Allerheiligen 2013.

Oh mein Gott…! Viel mehr kann ich im Moment nicht denken. Jetzt schaut er mir direkt ins Herz. Diese Augen! In meinem Leben habe ich noch nie solche Augen gesehen, wenigstens scheint es mir in diesem Moment wirklich so zu sein. Friede. Gelassenheit und … Tiefe. Tiefe? Ja! Tiefe!

Wer einmal die innere Leere in Menschenaugen sehen hat müssen, der weiß: Es gibt auch das Gegenteil.
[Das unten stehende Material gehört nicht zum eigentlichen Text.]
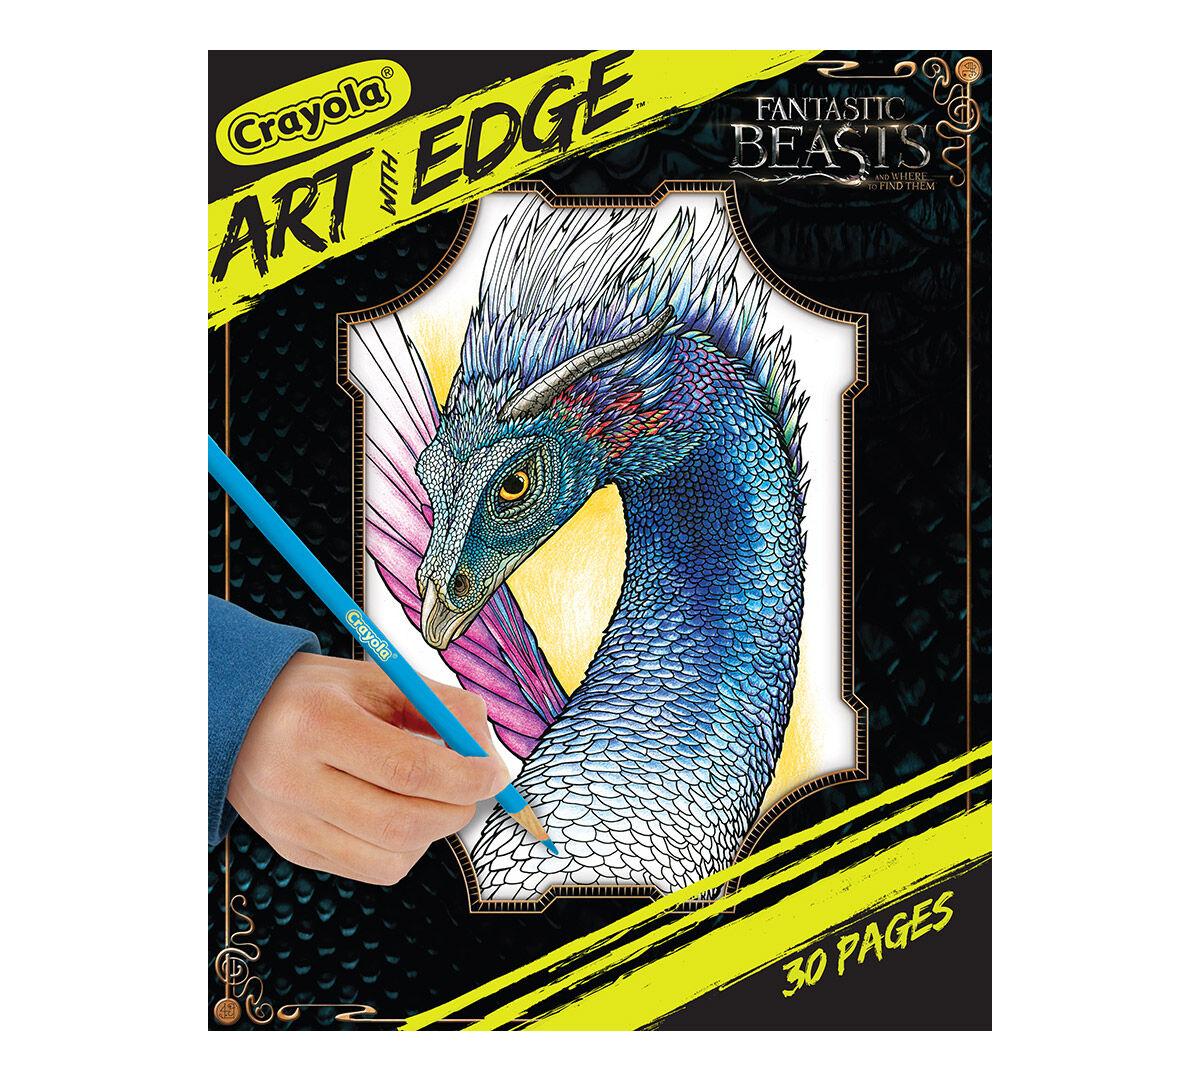 crayola art with edge fantastic beasts harry potter story 30

Aber schon schaut er auf zu seiner Frau. Wasser? Es ist sein erstes Wort, seit ich durch die Tür gegangen bin. Ein hoher Ton, kaum zu verstehen. Kein Wunder, die Chemotherapie und ihre Folgen. Die Ärzte hatten ihm noch eine Woche Zeit gegeben. Einzelne Worte werden da zu Kraftakten. Ansonsten ist von ihm nicht mehr viel zu sehen. Völlig abgemagert. Ach ja, das Wasser, schon stellt seine Frau zwei Gläser her … Das Wasser, das hat er für mich und meinen mitgekommenen Freund gemeint. Haut. Knochen. Aber die Augen – Waaaaahnsinn! Ich kann es nicht anders ausdrücken.
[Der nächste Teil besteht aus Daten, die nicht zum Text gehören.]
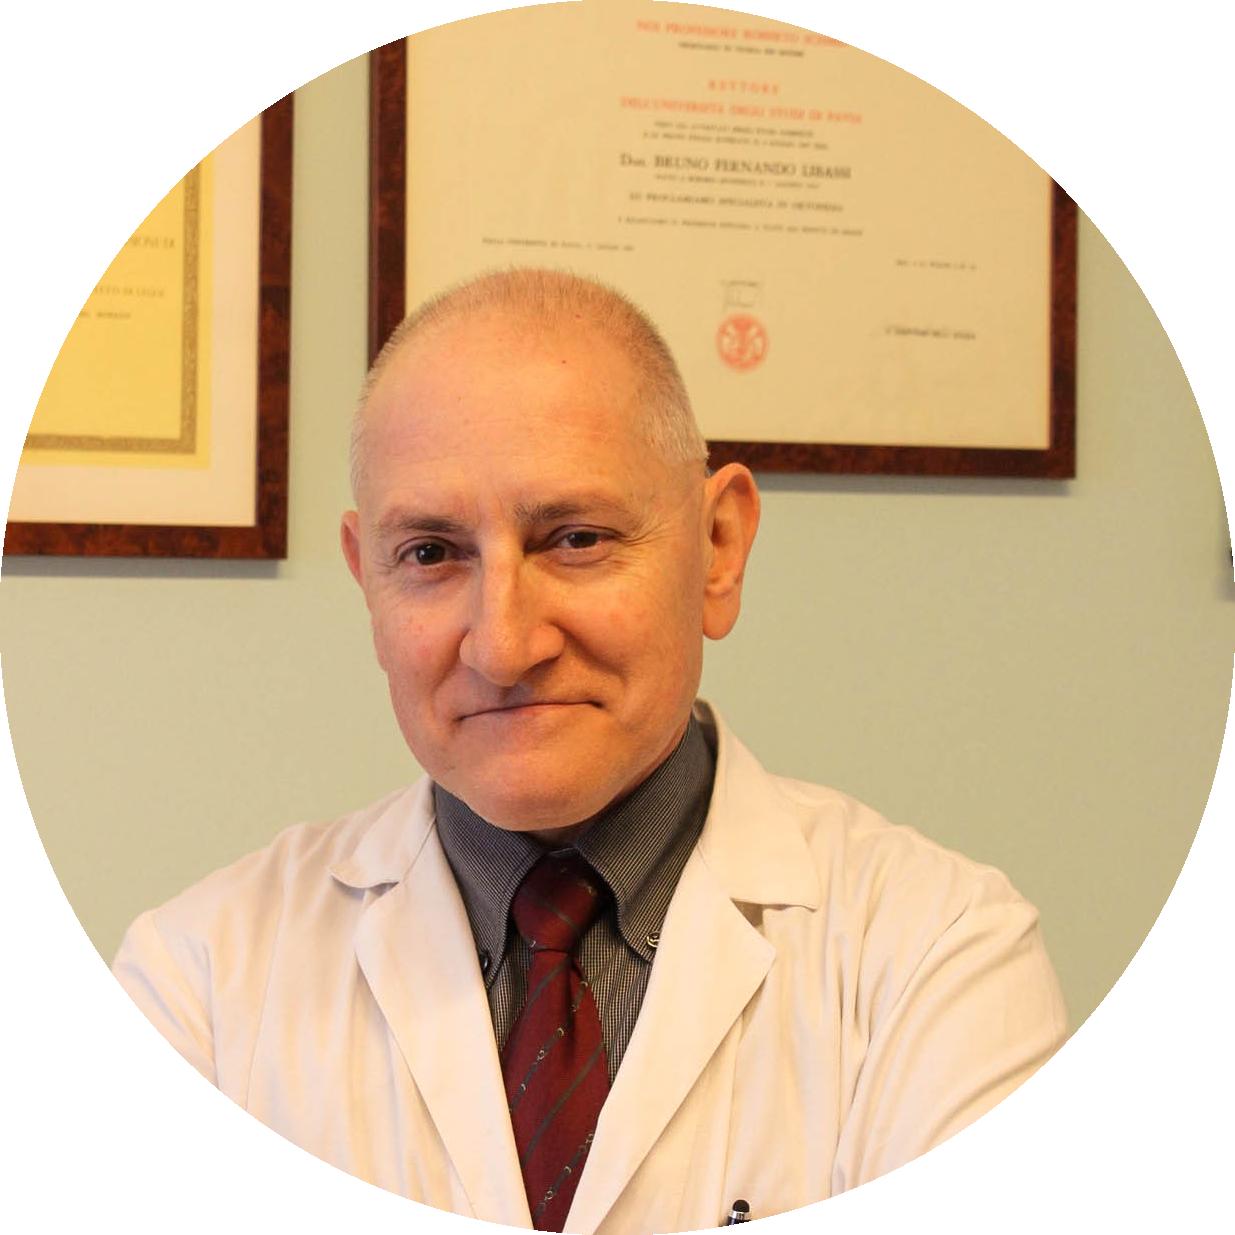 Dott. Bruno Fernando Libassi

Er greift nach meiner Hand. Dann … was macht er jetzt? Er rollt sich vom Couchbett herunter auf den Teppichboden, sicherlich muss er auf die Toilette. Irgendwie versuchen wir ihn zu unterstützen. Sein Kopf stützt sich auf das Kissen am Rande, Fuß und Schienbein berühren den Boden, der Rest des Körpers ist dadrüber zusammengefaltet. Seine Hände ergreifen die unsrigen. Und dort bleibt er. Und mein Herz auch.
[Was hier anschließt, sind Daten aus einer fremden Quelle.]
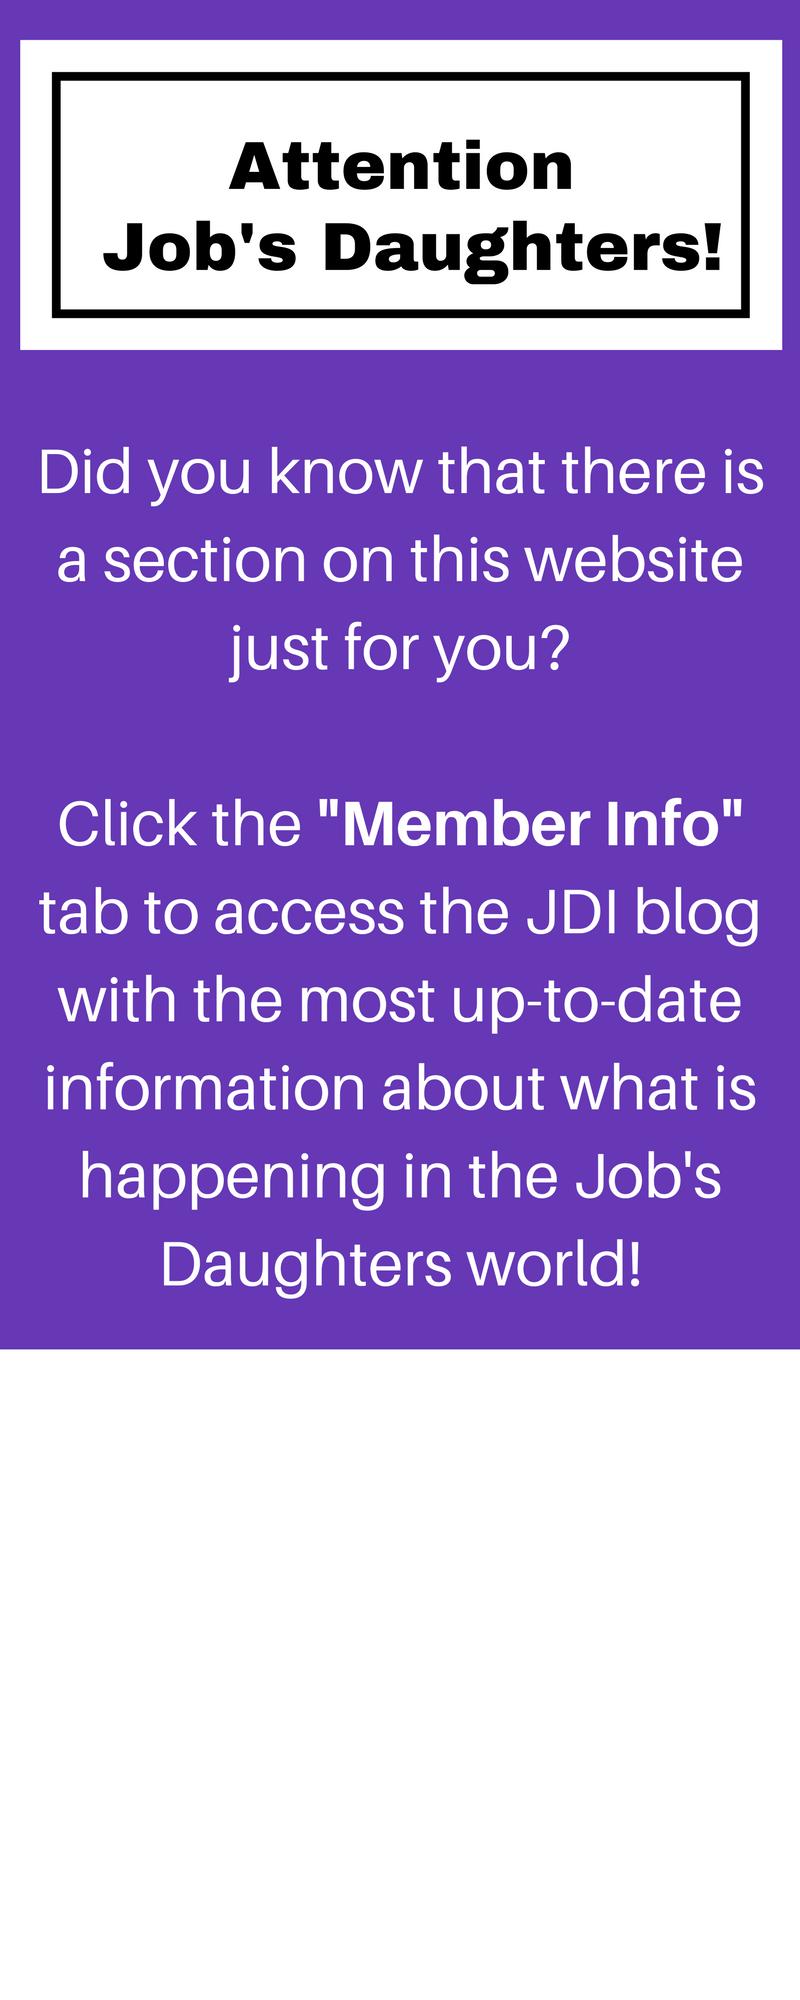 JDI dating τηλέφωνο Ιαπωνία dating τελωνεία

Bilder kommen in mir hoch, von betenden Menschen. In Kirchen, in Moscheen, in Synagogen. Ich denke an mein eigenes Gebet. Oh Gott! Das übersteigt mich. Ich bin zu klein für diese Größe! Warum darf ich das erleben? Ich kann die Tränen fast nicht zurückhalten. Oh! Was muss man tun, um so zu leben, dass man so sterben kann? Ich verliere das Zeitgefühl. Meine Uhr erinnert mich aber, schon über eine Stunde kniet er dort, auf dem Boden. Ergebenheit. Vertrauen. Anbetung. Als hätte Gott das von ihm erwartet? Wenn das nicht Gottes Herz berühren muss! Es ist Allerheiligen! So lebt man Berufung. Hier. Heute. Im Jetzt. Offenheit dem Herrn des Lebens gegenüber. Er weiß, was uns gut tut. Umarmung dessen, was er uns schickt. Oh Gott! Lehre mich anbeten!

Die Krankensalbung. Als wir weggehen, flüstert seine Frau: Er habe darum gebeten, dass Jesus zu ihm komme und jetzt wisse er: Er war da…

Herr, wer bin ich, dass ich so etwas erlebe?